TASK DETAILS: Could you please output only the lines from the one holding "Disney Original Poster" through the end of the listing below, exactly as written and without pictures?

SUPPLIED DATA:
○ ○ ○ ○ ○

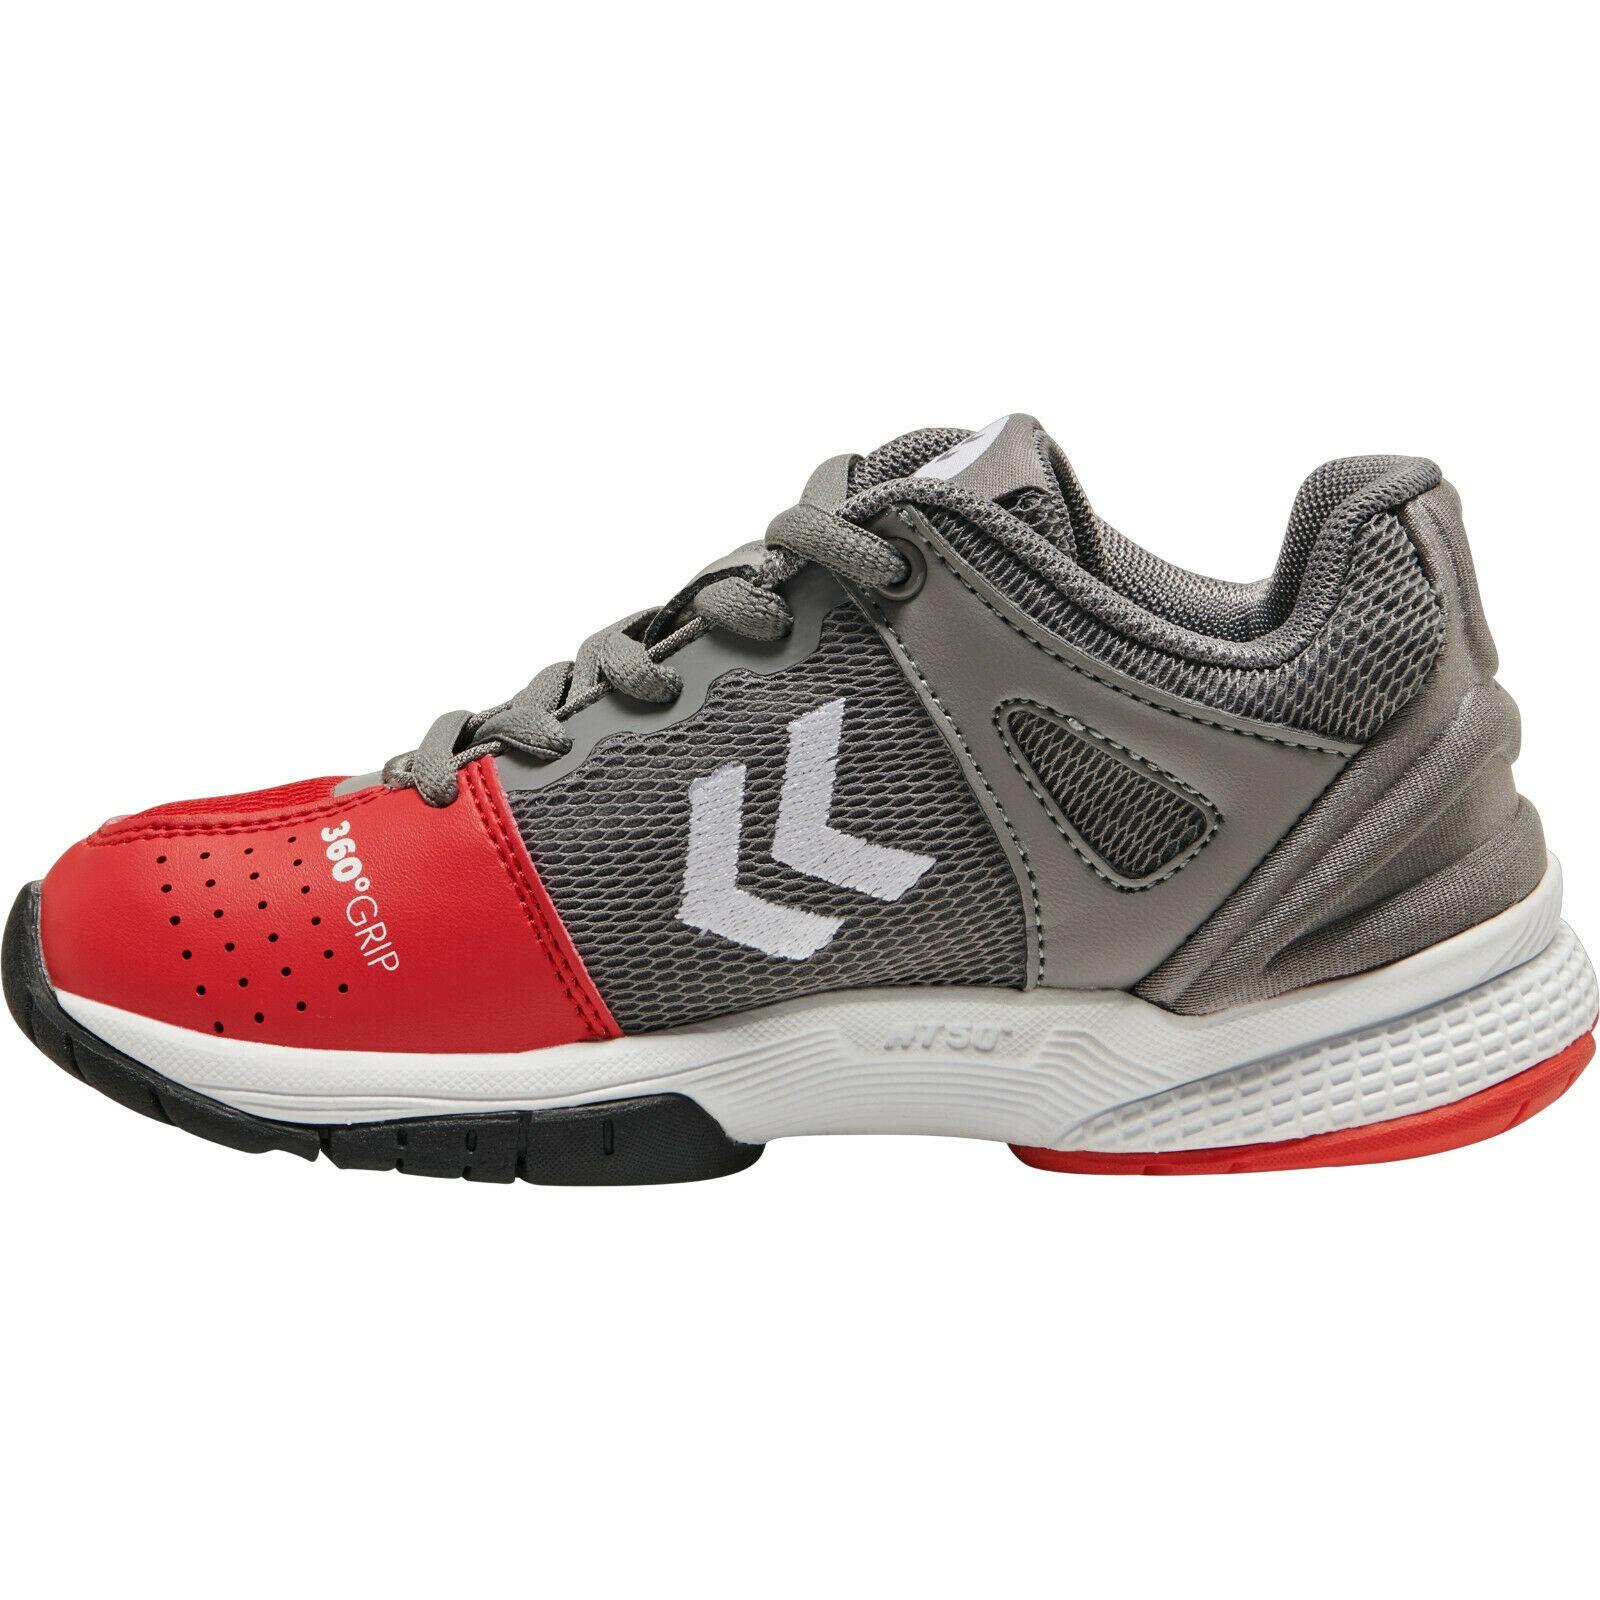 Спортивная обувь Hummel Лето (1308) photo 0
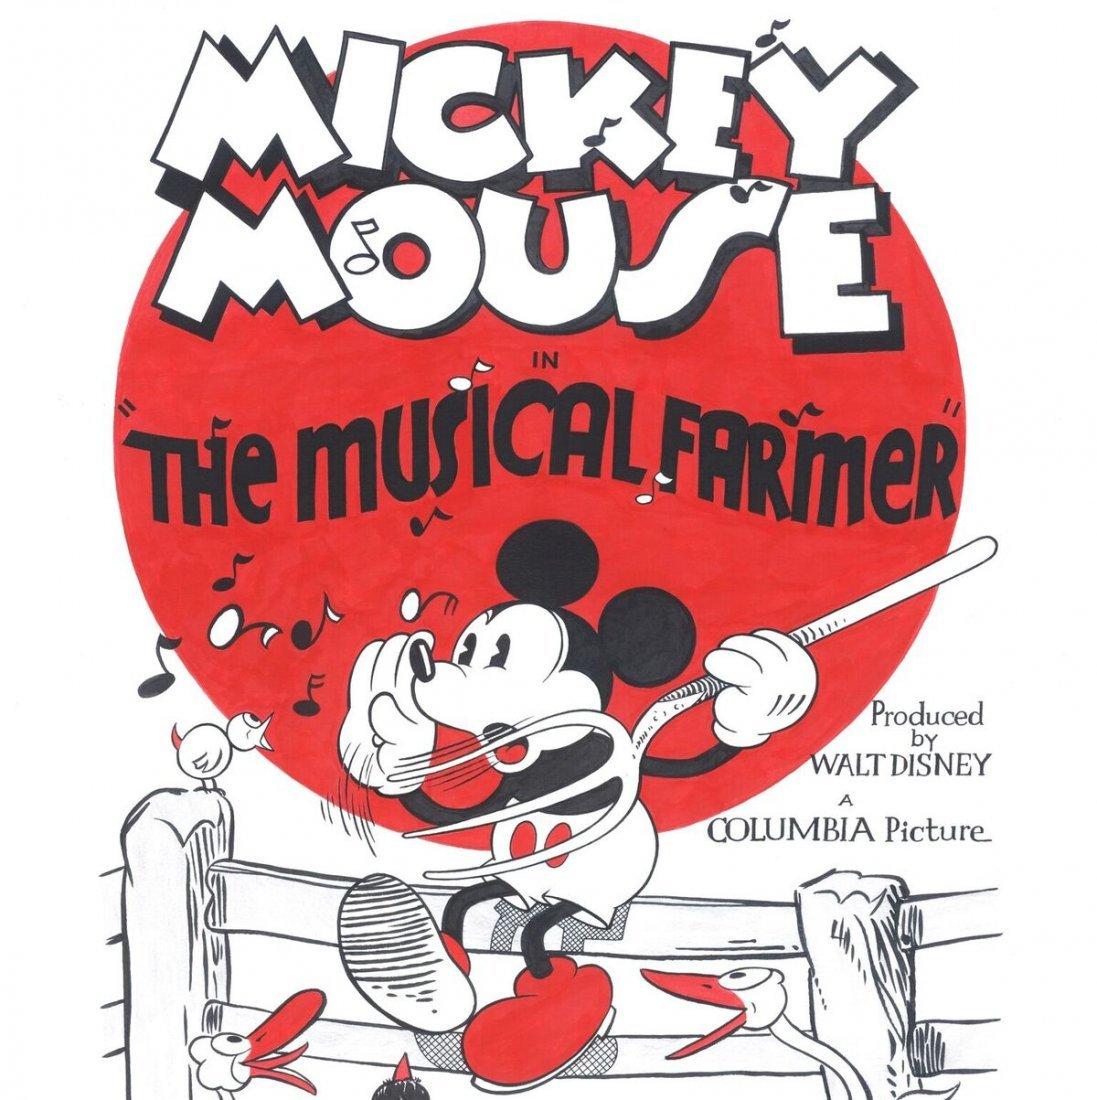 Disney Original Poster - Musical Farmer - Mickey Mouse
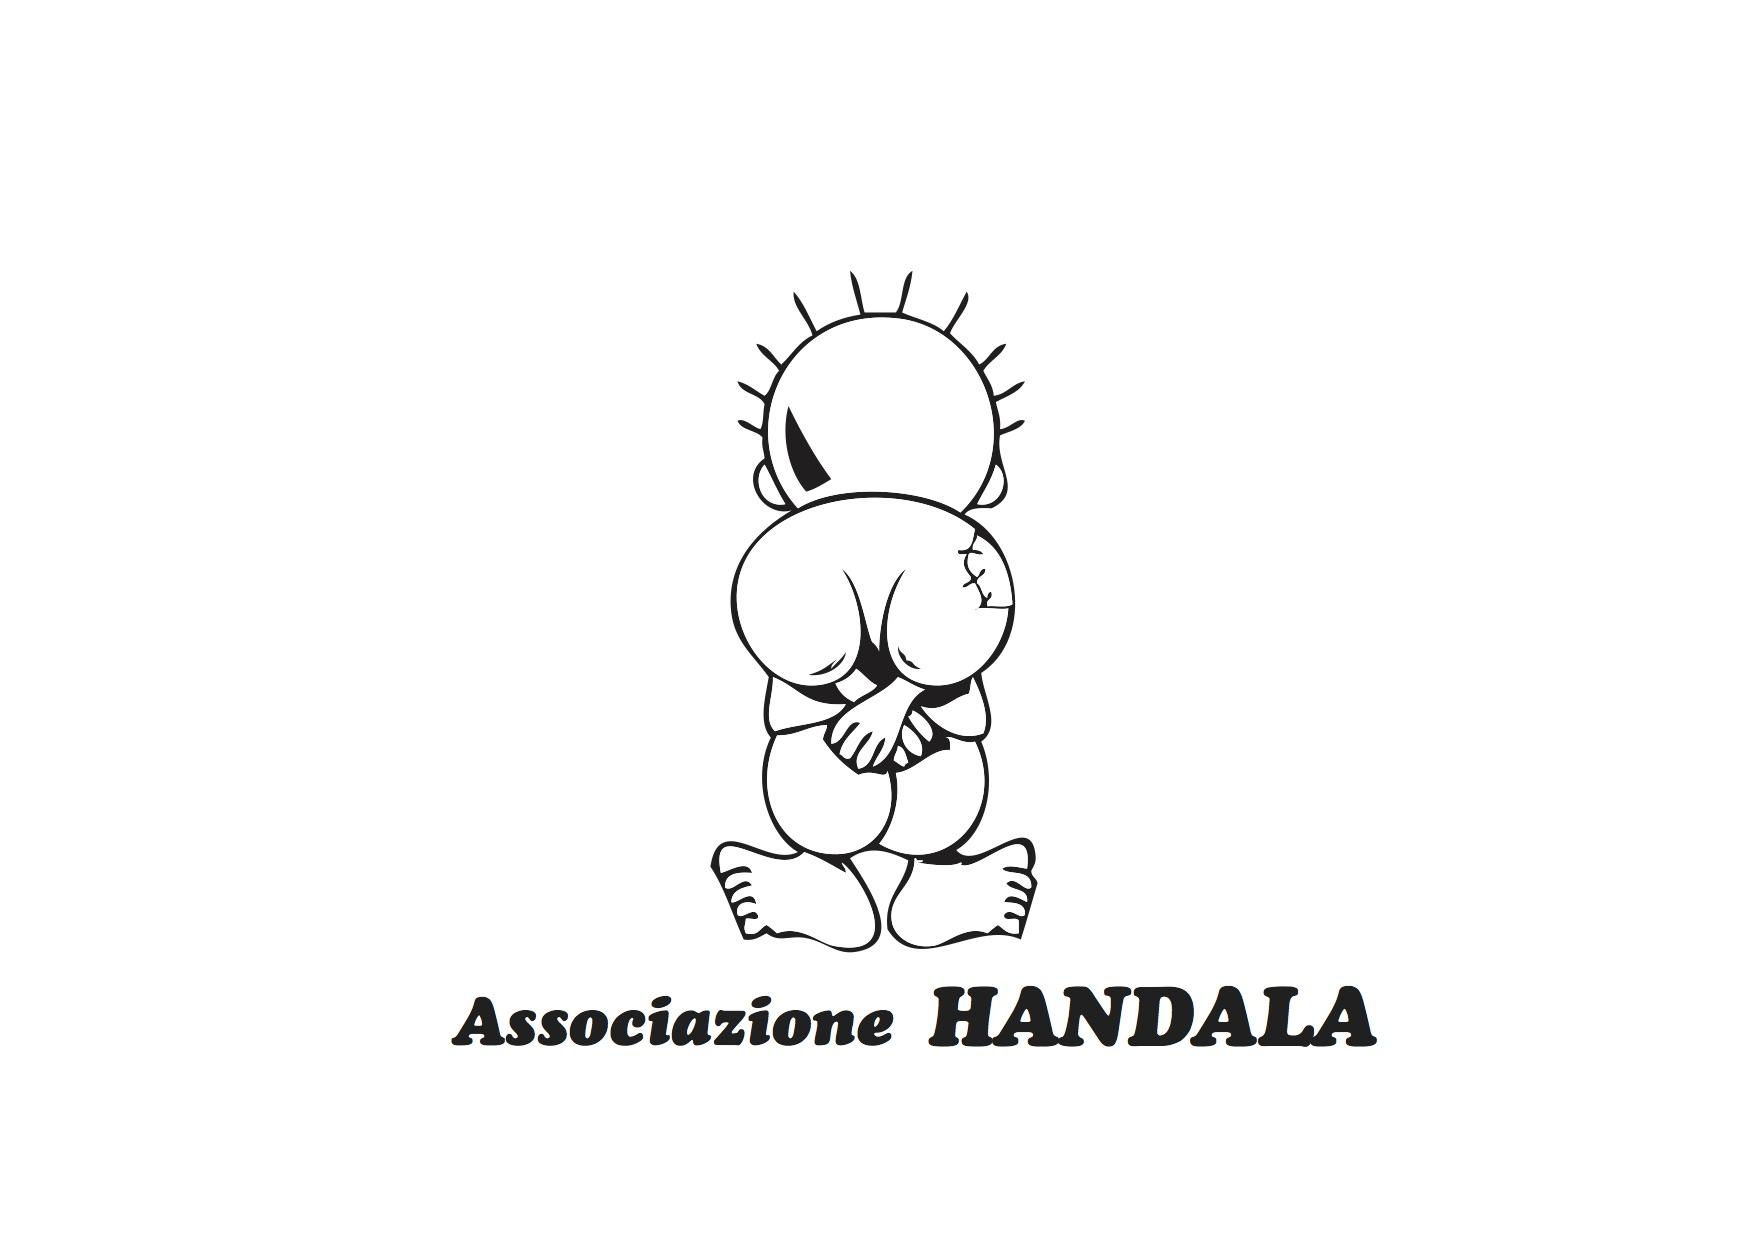 Handala-1

○ ○ ○ ○ ○

REPLY TO THE EXERCISE:
 Disney Original Poster - Musical Farmer - Mickey Mouse
 Handala-1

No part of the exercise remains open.